ABOUT THIS TASK
Every word in the data below belongs in your copy, exactly as given; the pictures do not.

===== DATA SECTION

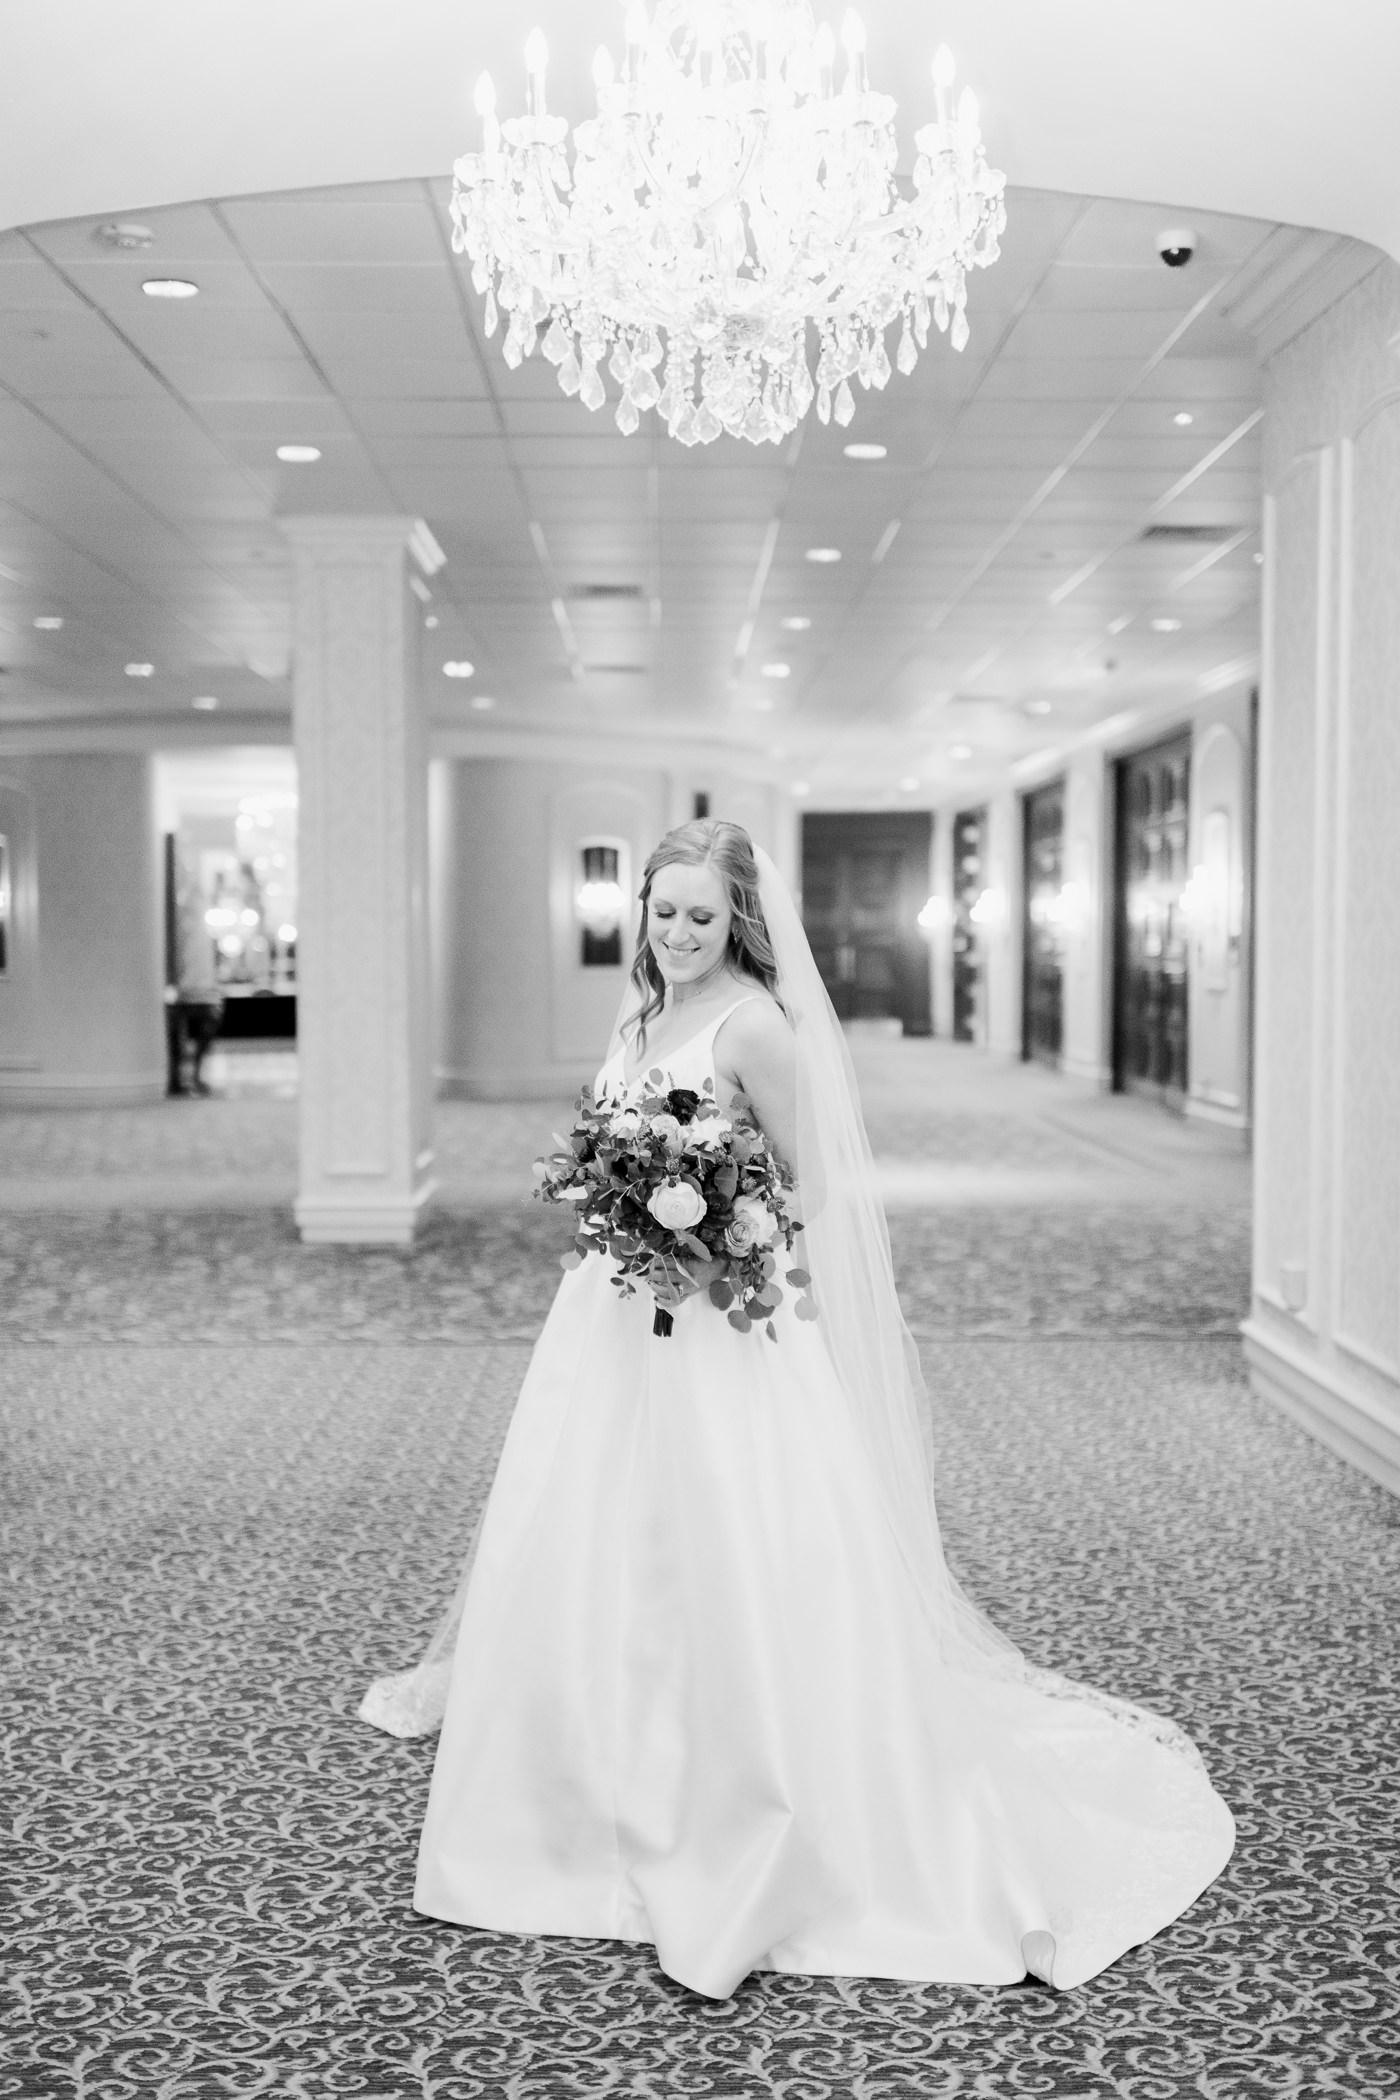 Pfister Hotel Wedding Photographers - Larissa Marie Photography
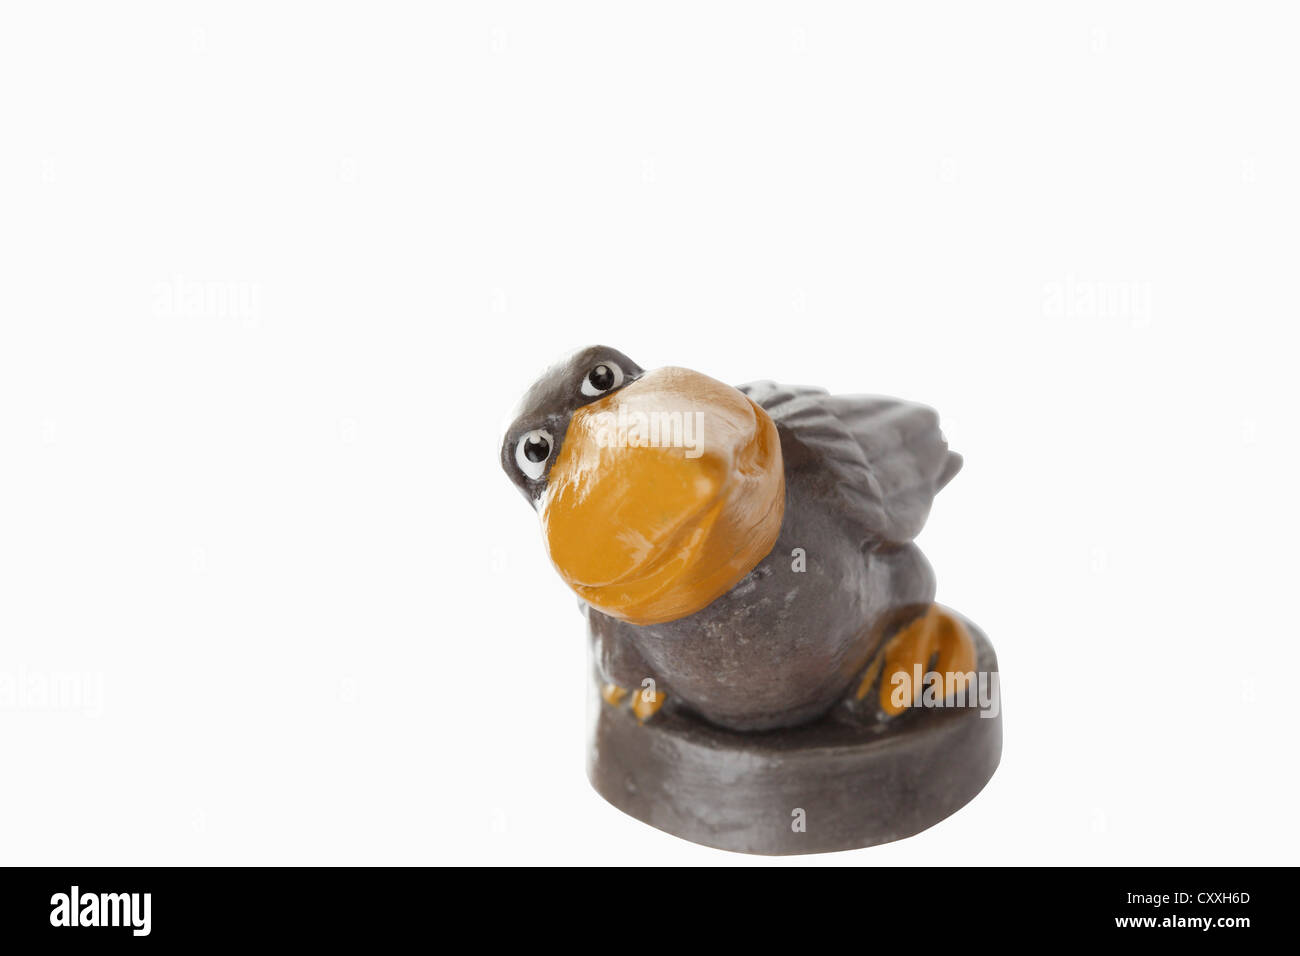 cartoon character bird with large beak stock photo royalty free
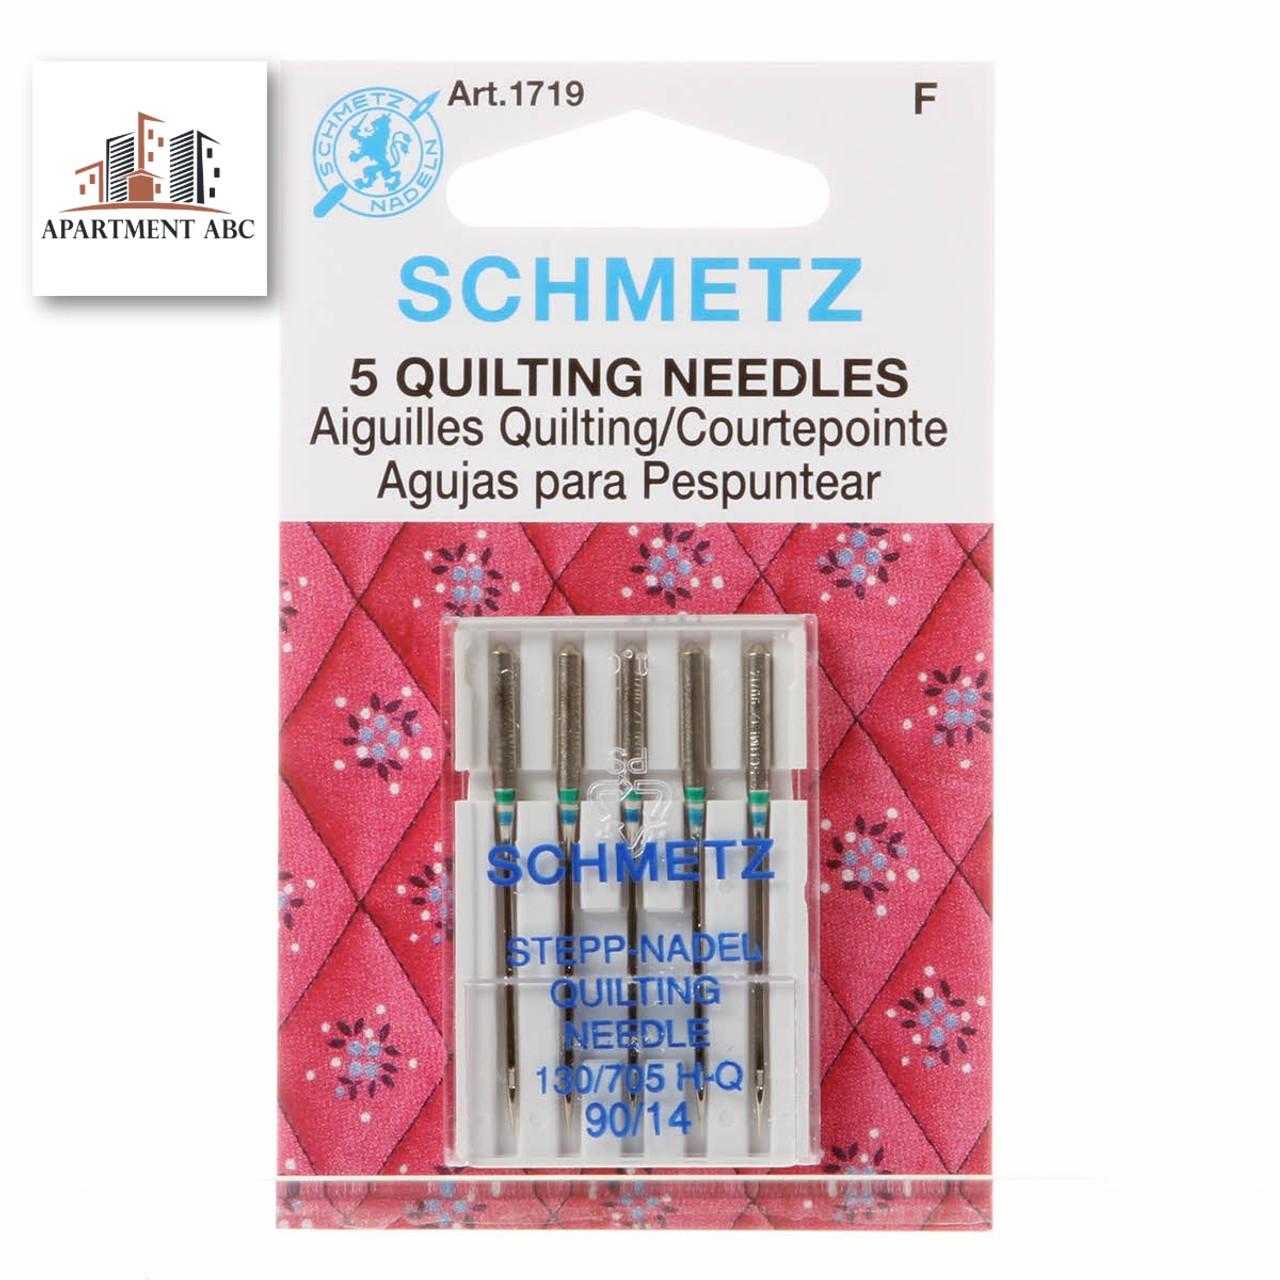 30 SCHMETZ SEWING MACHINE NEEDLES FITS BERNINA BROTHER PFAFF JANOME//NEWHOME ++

==========

SOLUTION
 Pfister Hotel Wedding Photographers - Larissa Marie Photography
 cartoon character bird with large beak stock photo royalty free
 30 SCHMETZ SEWING MACHINE NEEDLES FITS BERNINA BROTHER PFAFF JANOME//NEWHOME ++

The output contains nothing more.